School of Applied Sciences
University of Huddersfield
Huddersfield, UK.
Publication:
These findings tell a story that is utterly at odds with Biblical mythology. There was no single founding couple created by magic a few thousand years ago, no sudden appearance of fully formed peoples, and no global flood reducing humanity to a tiny remnant from which all later populations somehow sprang. Instead, the evidence reveals a long, intricate human past shaped by migration, intermarriage, cultural exchange and regional continuity over many millennia.
What ancient DNA shows is exactly what the Theory of Evolution would lead us to expect: modern populations are the product of deep ancestry, gradual change and repeated admixture, not separate acts of special creation. Western Europeans did not emerge as some isolated, divinely ordained “kind”, but as the descendants of multiple earlier populations, each with its own history, movements and adaptations. That is the very opposite of the simplistic, childlike account in Genesis.
It is also yet another blow to the fantasies of racial purity so often encouraged, implicitly or explicitly, by creationist and far-right ideologies. The ancestry of modern Europeans is not pure, fixed or primordial, but mixed, dynamic and shared.

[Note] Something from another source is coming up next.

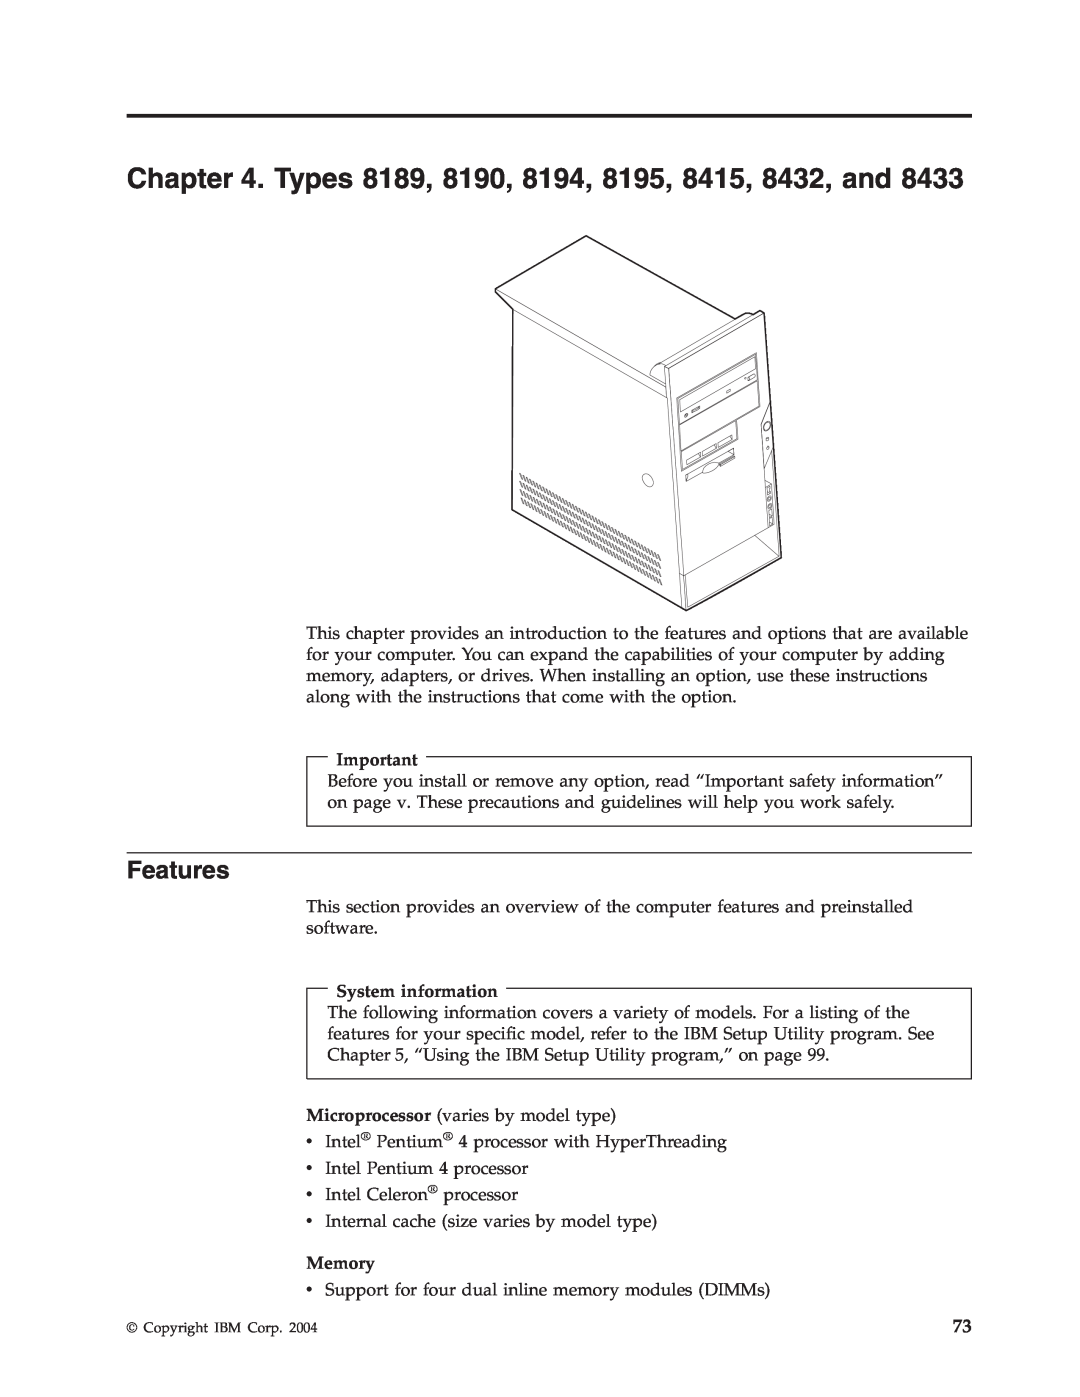 IBM 8188, 8128, 8185, 8186, 8187 manual Types 8189, 8190, 8194, 8195, 8415, 8432, and, Features, System information, Memory

The genetic record shows that movement and mixture are not aberrations in human history; they are the norm.
So, once again, science presents creationists with a choice they habitually refuse to make: accept the evidence and revise their beliefs, or cling to mythology and deny reality. As always, the facts pose no problem for science, which welcomes new evidence and incorporates it into an ever more detailed understanding of the past. It is creationism, with its brittle dependence on ancient myths and impossibly false history, which is left looking ever more absurd.